Поэма «Про это» вызвала резко отрицательные оценки критиков-современников, усмотревших в ней неврастеничность, чувствительность - все то, что разрушало образ ортодоксального поэта-лефовца. Парадокс состоит в том, что Маяковский, объявивший войну лирике, написал лирическую поэму - и не только о любовном страдании, не только о трагедии, но и о воскрешении человека безмерной силой любви. Свойственное Маяковскому футуристическое мироощущение, гипербола страсти и образа, «фантастический реализм» усиливались в этой поэме лирическим началом; в поэтике «Про это» появились необычные для авангардиста Маяковского и скорее характерные для сюрреализма образы-галлюцинации («вижу ясно, / ясно до галлюцинаций»), образы подсознательного происхождения («Пусть бредом жизнь смололась»). Так, адский ужас, охвативший героя в рождественскую ночь, начинает доминировать в его сознании и определять его жизнь: «Ужас дошел. / В мозгу уже весь, / Натягивая нервов строй, / разгуживаясь все и разгуживаясь, / взорвался, / пригвоздил: / - Стой!» Весь мир - это «груда горя», потому что в подсознании героя зафиксировано: «горе наше непролазно». В полусне-полуяви молящий о любви лирический герой воспринимает себя медведем - образом страдания, незащищенного подсознательного, первозданного начала, раненого сердца («А сердце / глубже уходит в рогатину!», «Ему лишь взмедведиться может такое / - сквозь слезы и шерсть, бахромяшую глаз», «Белым медведем / взлез на льдину... Лихорадюсь на льдине-подушке»).

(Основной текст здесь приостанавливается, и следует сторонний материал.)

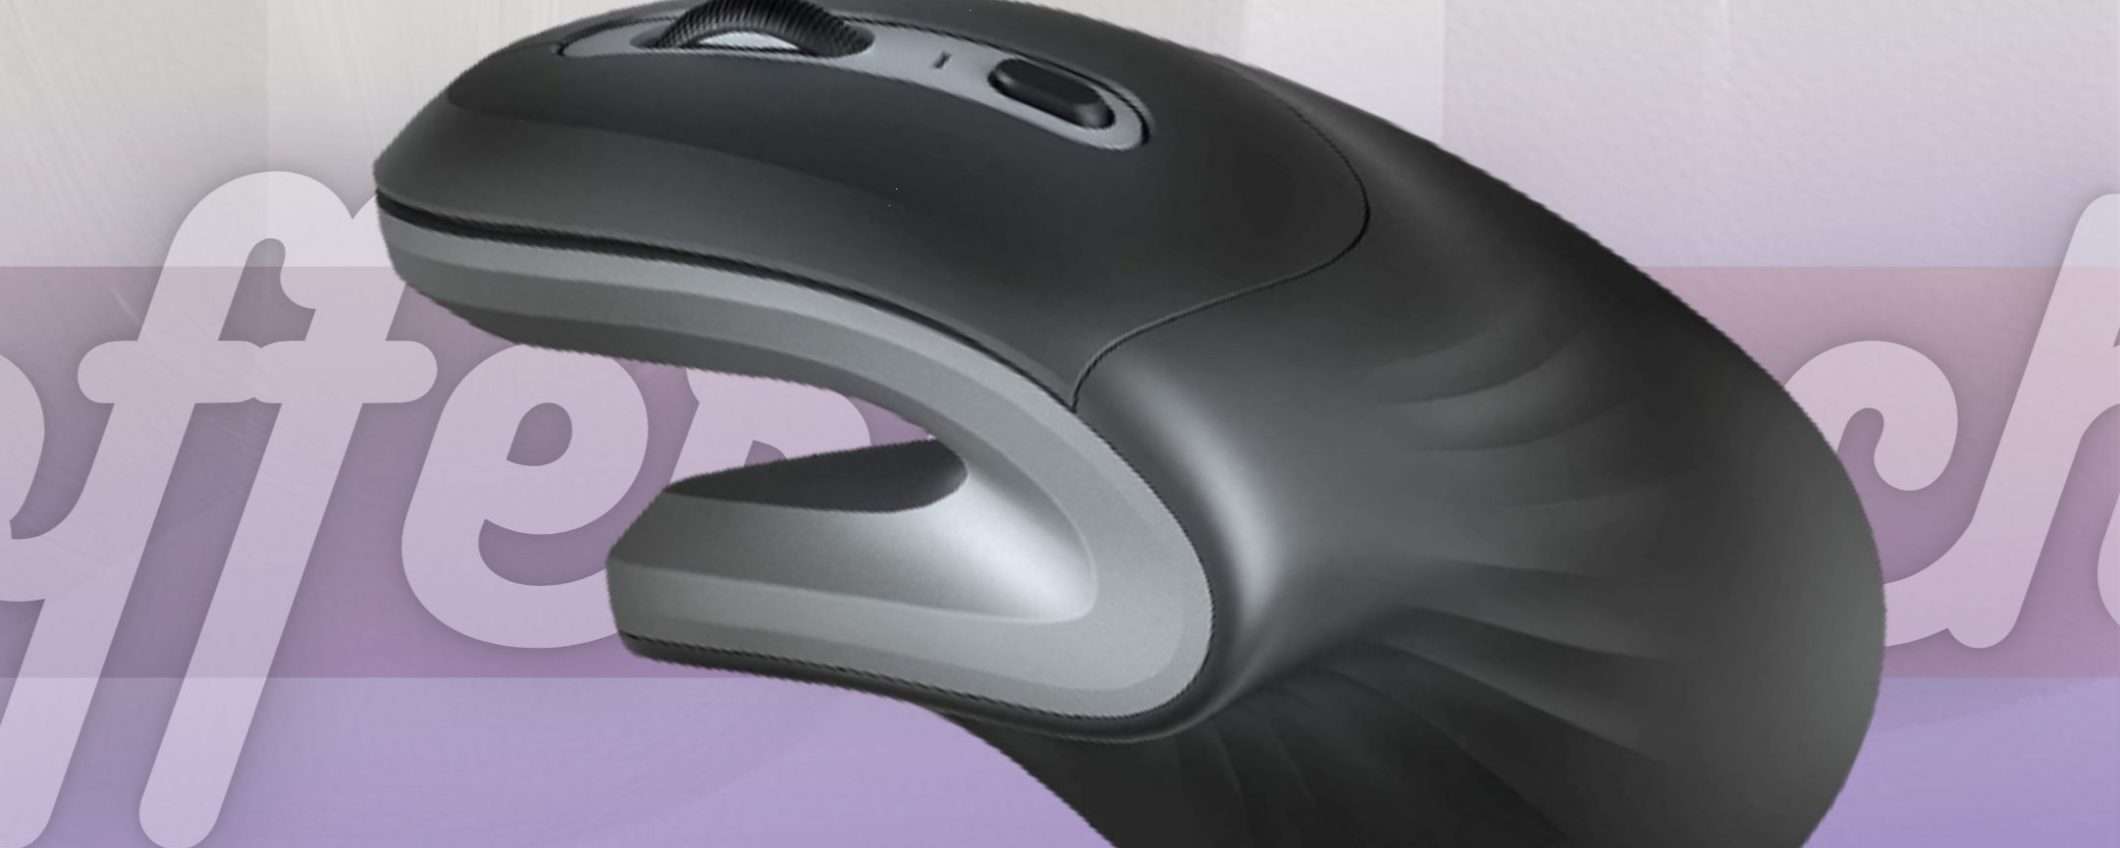 Trust Verro: il mouse verticale super ergonomico e UNICO

Футуристическая философия Маяковского, планетарное мышление, при котором, как сказано в заключительных строках «Про это», отец - мир, а мать - земля, и «громада-ненависть» к «рабьему» началу, которое «осело бытом» в «краснофлагом строе», - выразились в мотиве преодоления смерти и воскрешения героя. Образ Господа заменен в поэме образом ученого: «большелобый / тихий химик», творящий в мастерской «человечьих воскрешений», фактически наделен Господней силой - в книге «Вся Земля» он выискивает того, кто достоин вновь явиться в мир. Будучи максималистом, лирический герой поэмы, этот «медведь-коммунист», вымаливает у химика собственное воскрешение: «Я свое, земное, не дожил, / на земле / свое не долюбил». Его цель - устроить жизнь России как царство вселенской любви.

В поэме 1929-1930 годов «Во весь голос. Первое вступление в поэму» роль поэта представлена как нечто утилитарное: он мобилизован революцией, он «ассенизатор и водовоз», он агитатор, а поэзия в его понимании - фронт. Отвергая «лирические томики», поэзию «барских садоводств», «песенно-есененного провитязя», он заявлял о добровольном смирении своего лирического «я» во имя всеобщего социального долга («Но я / себя / смирил, / становясь / на горло / собственной песне»). Провозглашался примат классового начала в поэзии: враг рабочего - враг поэта. Столь же решительно Маяковский утверждал принцип партийности как основополагающий для советского искусства: «Явившись / в Це Ка Ка / идущих / светлых лет, / над бандой / поэтических / рвачей и выжиг / я подыму / как большевистский партбилет, / все сто томов / моих / партийных книжек». Комплекс этих идеологических нормативов воплотился в подлинно совершенной художественной форме. Поэтическая цельность и монолитность этого «вступления в поэму», его мощный экспрессивный напор, безупречная точность, выверенность, почти чеканность словесных формулировок, звуковая, ритмическая, эмоциональная энергия стиха - все это свидетельствовало об истинном таланте, утверждавшем себя даже в рамках тотальной политизации творчества.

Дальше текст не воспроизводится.